May 25, 2022 -- The School District has heightened security at Santa Monica campuses in the wake of the elementary school shooting in Uvalde, Texas that killed 19 students and two teachers on Tuesday.

The Santa Monica Police Department has added patrols to the campuses "both before, during and after school to provide a sense of security to our community," Superintendent Ben Drati said Tuesday.

The District, which includes Malibu, already has safety plans in place "customized" for each campus that are "consistently" reviewed, evaluated and updated annually, he said.

"In SMMUSD we have worked and continue to work to harden the perimeters and entrances to elementary school campuses," Drati wrote in a letter emailed Tuesday to parents, staff and community members.

"By creating better defenses, we reduce the potential threat," he wrote.

Different grade levels require different approaches, Drati said.

"For middle and high school, there have been incidents where threats come from inside, by a student attending the school.

"Secondary schools require a different approach that predominantly focuses on reducing the threat through interventions prior to the person entering with a weapon.

"As with every other school shooting, Columbine, Sandy Hook and too many more, we will study what happened and strengthen our best practices to reduce threats," Drati wrote.

In the massacre in Uvalde on Tuesday, the shooter, 18-year-old Salvador Ramos, was confronted by law enforcement before entering Ross Elementary School with a rifle he purchased legally shortly after turning 18, according to state and local authorities.

Texas Department of Public Safety Director Steven McCraw said the shooter approached a back door of the school and was confronted by a school resource officer who "engaged him at that time" but "the subject was able to make it into the school."

Once inside, Ramos "went down a hallway, turned right and then turned left and there were two classrooms that were adjoining," McCraw said. "And that is where the carnage began."

Lt.

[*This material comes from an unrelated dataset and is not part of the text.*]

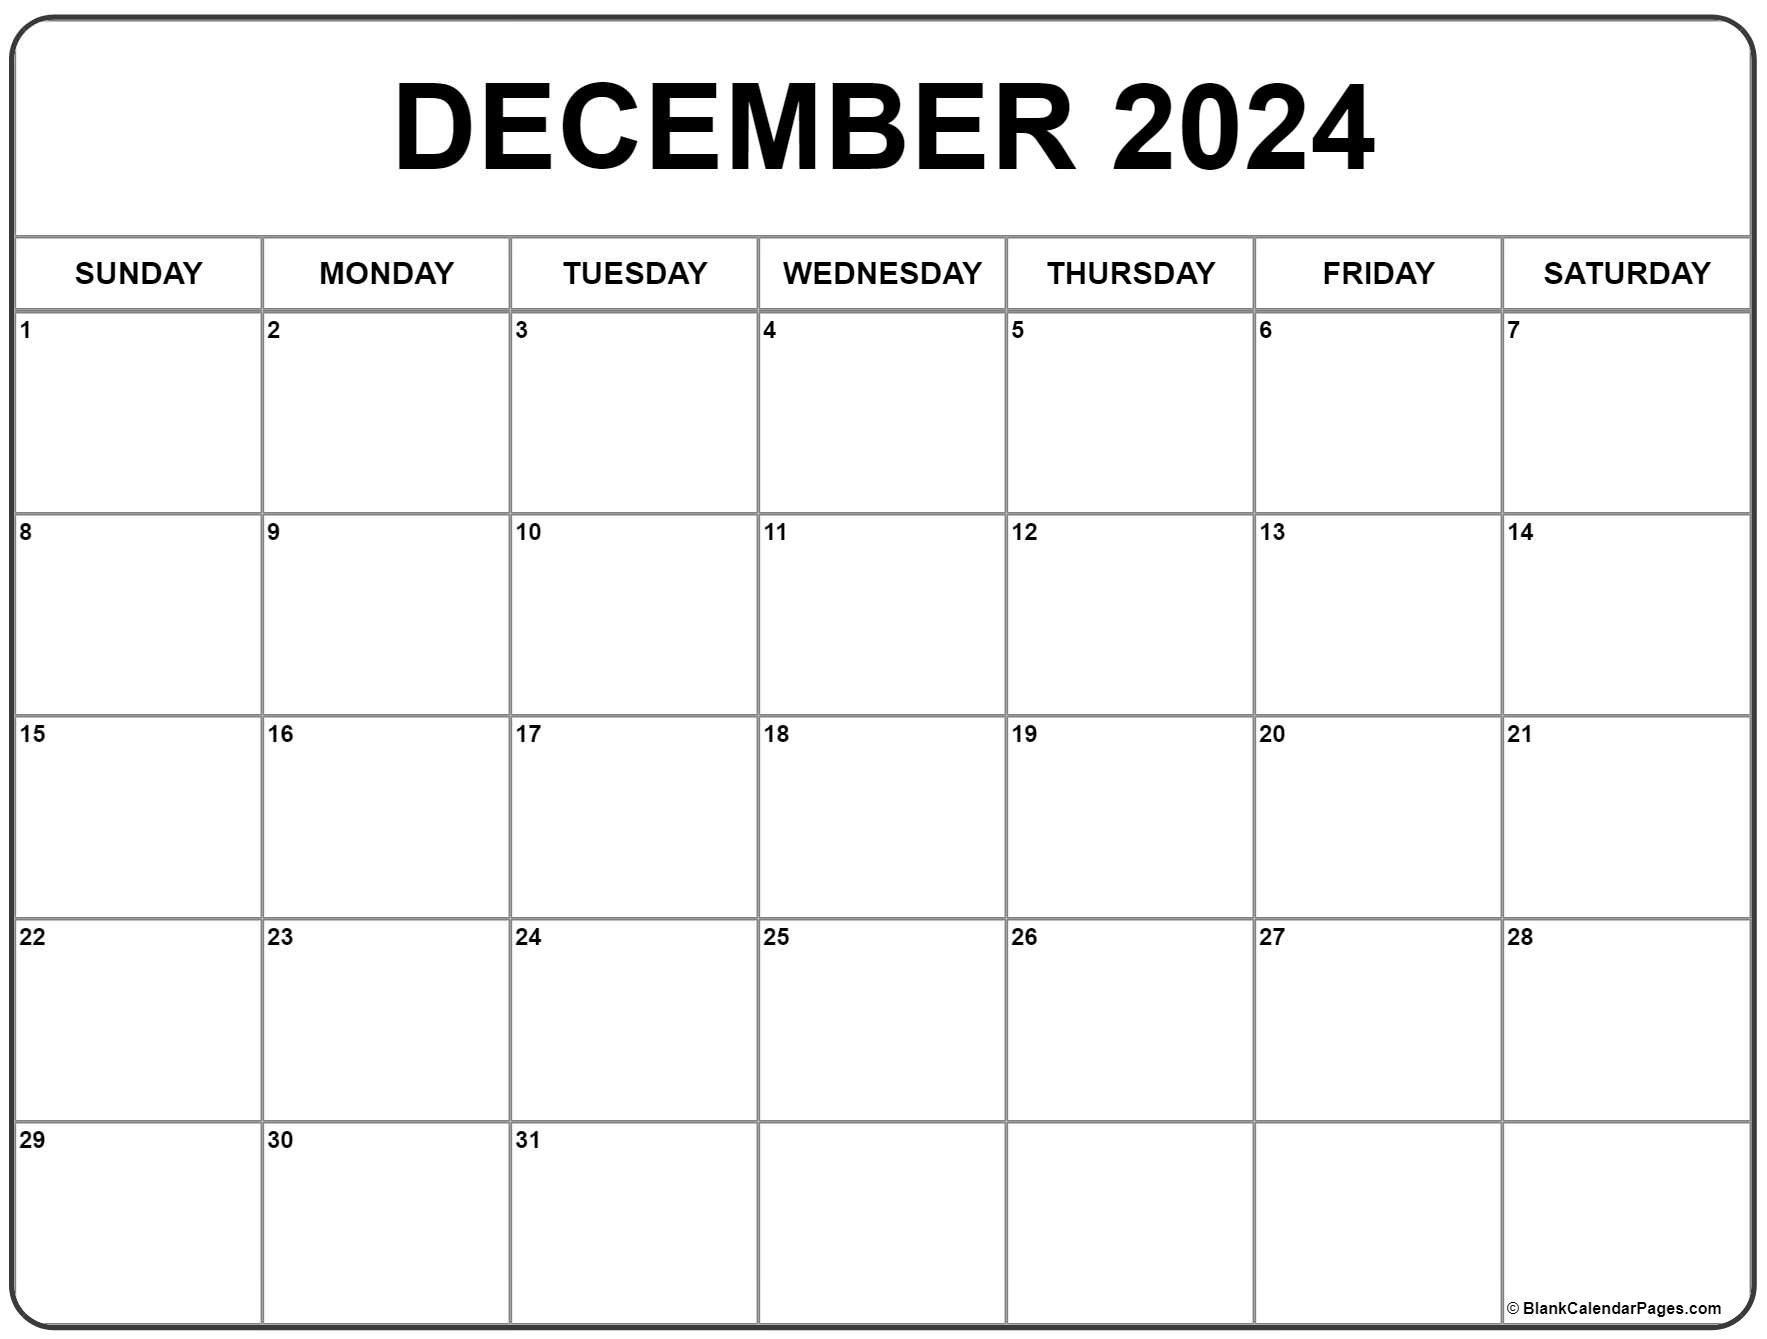 December 2024 Calendar | Free Printable Calendar intended for Free Printable Calendar 2024 Dec

Chris Olivarez, a Texas Department of Public Safety spokesperson, said Ramos fired at officers who tried to enter the school, hitting several of them. They eventually forced their way into the classroom and killed the shooter.

The team that entered included three members of the Border Patrol's tactical response unit and one search-and-rescue team member, Border Patrol Chief Raul Ortiz told CNN.

A member of the tactical unit likely fired the shot that killed Ramos, according to various reports.

Before the shootings, Ramos shared his moves on Facebook with a 15-year-old girl he met online.

“I’m going to shoot my grandmother,” Ramos wrote 30 minutes before the school shooting.

The following post read, “I shot my grandmother.”

Fifteen minutes later he wrote, “I’m going to shoot an elementary school.”

Facebook’s parent company Meta, said the messages were not public posts but “private one-to-one text messages that were discovered after the terrible tragedy occurred."

After shooting his grandmother, Ramos fled in her truck as she called police, Texas Gov. Greg Abbott said. Ramos crashed the truck before reaching the school, which is about two minutes from his grandmother's house.

According to the few who knew the reclusive shooter, Ramos had been bullied for wearing black eyeliner and having a stutter.

It has not been revealed why he targeted the elementary school where his grandmother had reportedly worked.